The phospholipid substrate specificity of LCAT was examined by analyzing the kinetics and reaction products of LCAT with apo A-I complexes containing a variety of phosphatidylcholines (PCs) differing in acyl chain length and degree of unsaturation. Concentration and temperature-dependence experiments on the velocity of the LCAT reaction with a total of fifteen apo A-I complexes differing in their PC component revealed differences in the apparent V(,max) values and small differences in the apparent K(,m) values. The activation energies were found to vary markedly, 8 to 40 kcal/mol, and to be correlated with the overall degree of unsaturation of the PC acyl chains.

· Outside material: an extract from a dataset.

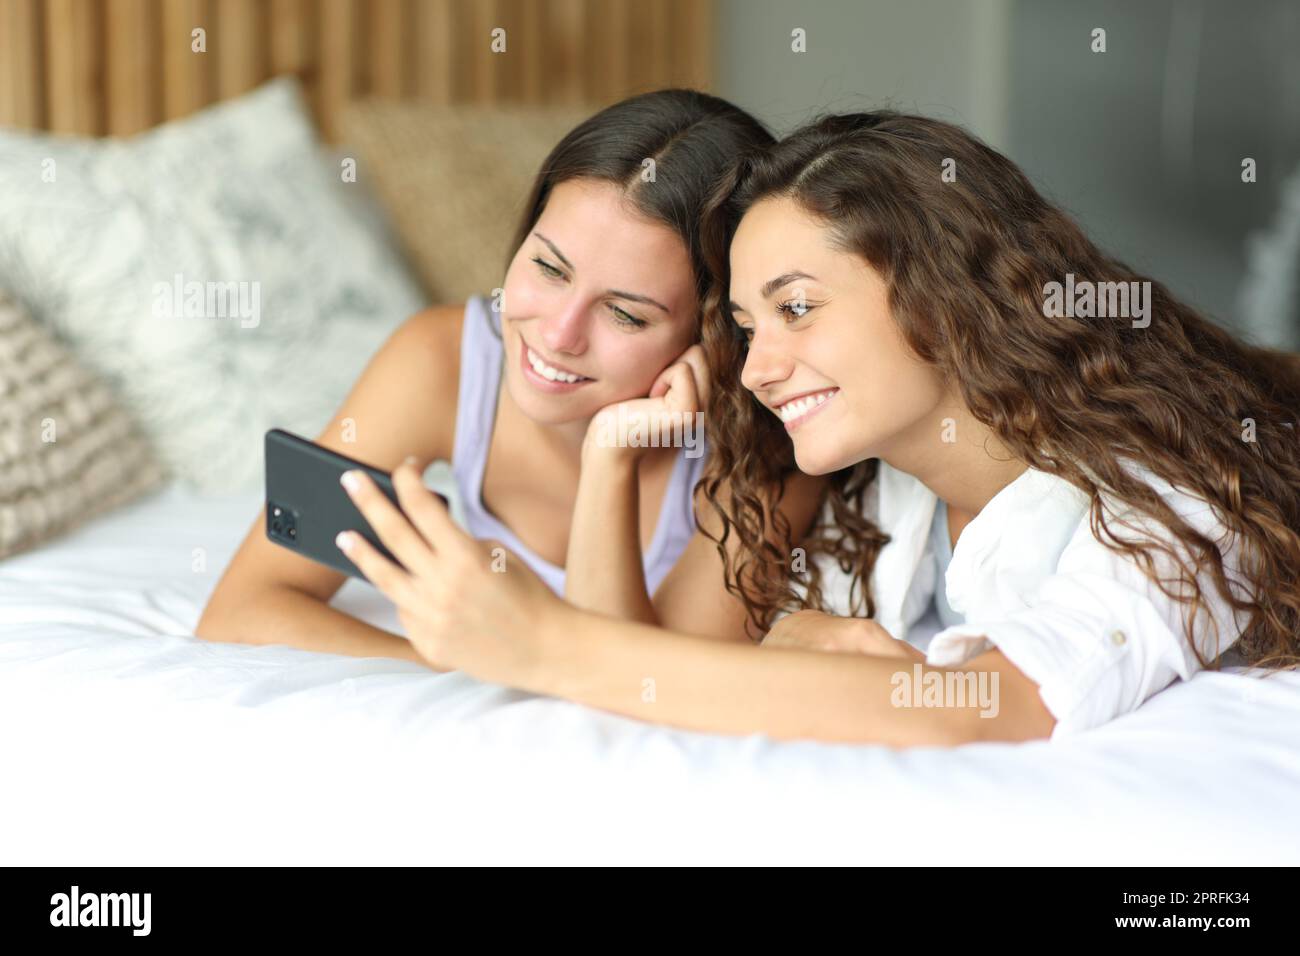 Two friends checking phone on a hotel bed Stock Photo

Three pairs of positional isomers of PC were studied to test the currently held concept that the enzyme is specific for the transfer of the sn-2 acyl group to cholesterol. Analysis of cholesterol esters generated by the action of LCAT revealed that the sn-2 fatty acyl chain was favored for transfer to cholesterol when the fatty acyl chain was 18:2 or 18:1 but not if the acyl chain was 18:0. When the sn-2 acyl chain was 18:0, it is possible that transfer of 18:1 or 18:2 from the sn-1 position occurred. In this case it would appear that the enzyme does not show absolute specificity for the acyl group at the sn-2 position.
These results are consistent with a reaction mechanism in which the active site of the enzyme accommodates the entire PC molecule substrate rather than the head group and glycerol backbone portion of the PC molecules present in the bilayer.
Thesis (Ph.D.)--University of Illinois at Urbana-Champaign, 1987.